Total RNA was isolated from cells using TRIzol reagent (Life Technologies, Grand Island, NY, USA). Reverse transcription was performed using the Maxima First Strand cDNA Synthesis Kit (Thermo Scientific, Rockford, IL, USA). Real-time RT-PCR was performed using a SYBR Green PCR master mix kit (Roche Diagnostics, Indianapolis, IN, USA) and a CFX Connect real-time PCR system (Bio-Rad, Richmond, CA, USA). Primer sequences were as follows: NLRP3 (forward) 5`-ATTACCCGCCCGAGAAAGG-3` and (reverse) 5`-CATGAGTGTGGCTAGATCCAAG-3`; iNOS (forward) 5`-CATGCTACTGGAGGTGGGTG-3` and (reverse) 5`-CATTGATCTCCGTGACAGCC-3`; IL1α (forward) 5`-CAACGTCAAGCAACGGGAAG-3` and (reverse) 5`-AAGGTGCTGATCTGGCTTGG-3`; IL1β (forward) 5`-CTTTCCCGTGGACCTTCCAG-3` and (reverse) 5`-AATGGGAACGTCACACACCA-3`; IL6 (forward) 5`-TTGCCTTCTTGGGACTGATG-3` and (reverse) 5`-CTCATTTCCACGATTTCCCA-3`; TNFα (forward) 5`-ACCGTCAGCCGATTTGCTAT-3` and (reverse) 5`-CCGGACTCCGCAAAGTCTAA-3`; GAPDH (forward) 5`-ACGACCCCTTCATTGACCTC-3` and (reverse) 5`-ATGATGACCCTTTTGGCTCC-3`. Expression of GAPDH mRNA was used as an internal control.

Western blotting

Liver tissue and cells were lysed with RIPA lysis buffer (Thermo Fisher Scientific) containing proteinase inhibitors and dithiothreitol. Proteins were resolved by SDS-PAGE and then transferred electrophoretically to a polyvinyl difluoride membrane (Millipore, Burlington, MA, USA). The membranes were sequentially incubated in primary antibodies, and then with appropriate horseradish peroxidase-conjugated secondary antibodies. Signals were visualized using the Clarity™ Western ECL Substrate Kit (Bio-Rad, Richmond, CA, USA). Protein expression was detected using the Fusion Solo ChemiDoc system (VILBER LOURMAT, Germany). Protein band intensities were measured using ImageJ software version 1.52a (NIH, Bethesda, MD, USA).

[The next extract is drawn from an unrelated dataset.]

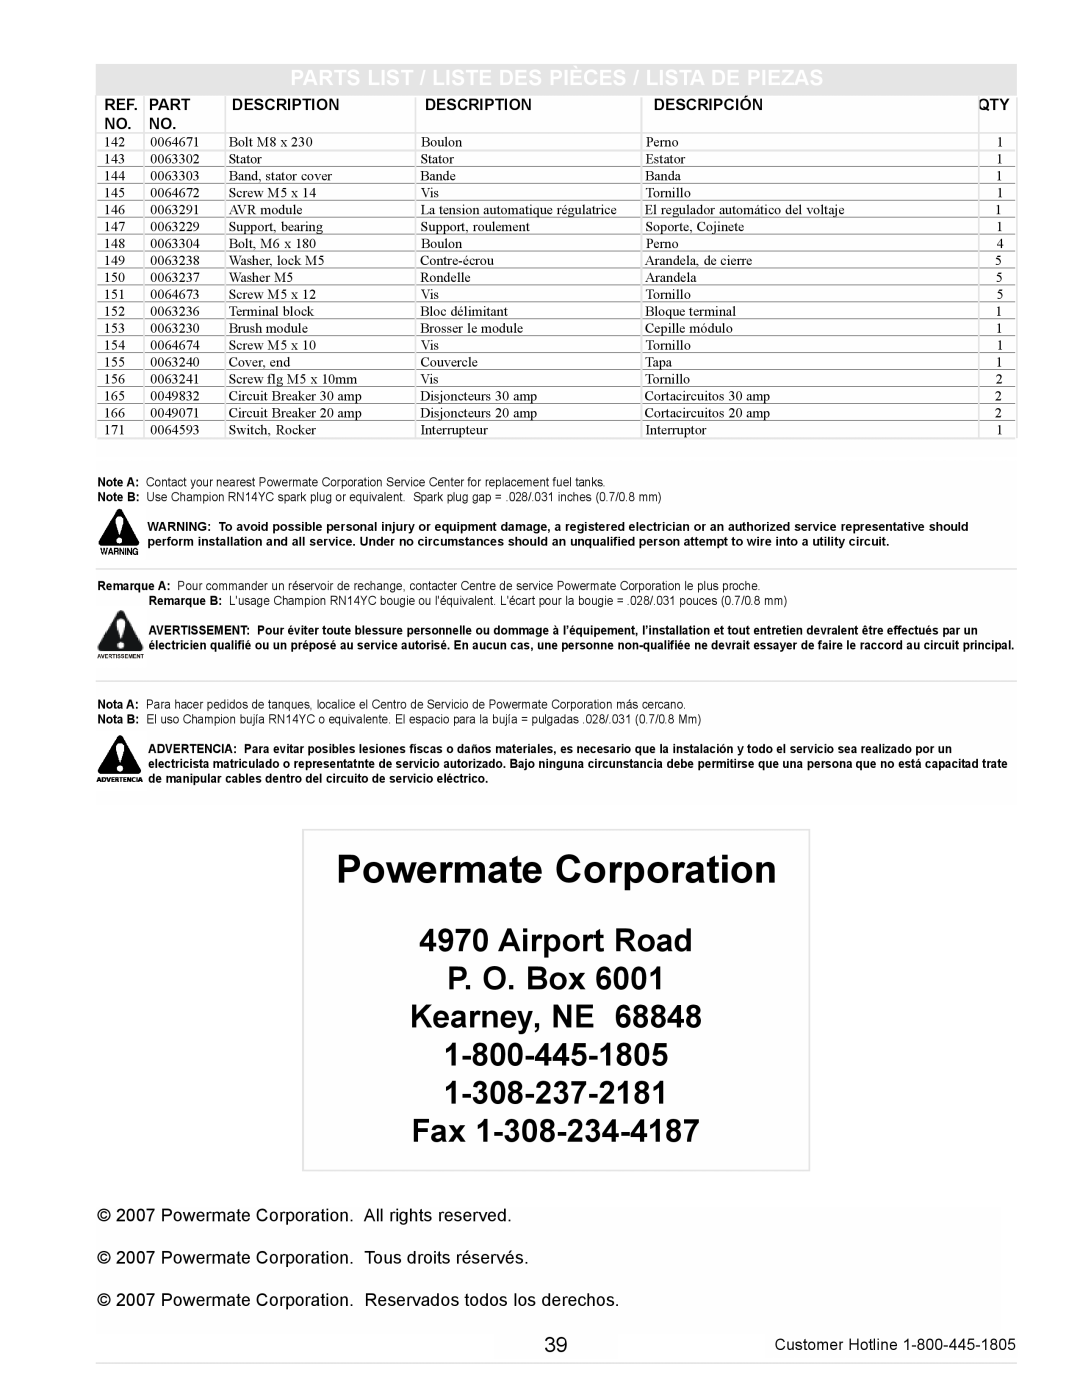 Powermate PM0105000 manual Airport Road P. O. Box Kearney, NE, Powermate Corporation

Immunohistochemical analysis

Livers were isolated from mice, fixed in 4% formaldehyde, and then paraffin-embedded. Histochemical staining was performed using hematoxylin and eosin. Immunohistochemical staining was performed by incubation with primary antibodies against STAT3 (1:200) and IL1β (1:200), followed by incubation with horseradish peroxidase-conjugated anti-rabbit (Dako, Glostrup, Denmark) IgG secondary antibodies. All data were normalized against equivalent data in the control.

Measurement of cytokine levels

Mouse serum and cell culture medium were stored at − 80˚C. Levels of IL1β (R&D Systems, Abingdon, UK) were measured using enzyme-linked immunosorbent assay (ELISA) kits, following the manufacturers’ instructions.

Statistical analysis

Experimental results were statistically analyzed by a one-way analysis of variance with the Bonferroni correction or the two-tailed student’s t test (GraphPad, Prism version 9.5.1). Data are presented as mean ± standard error of the mean (SEM). All experiments were performed at least three times.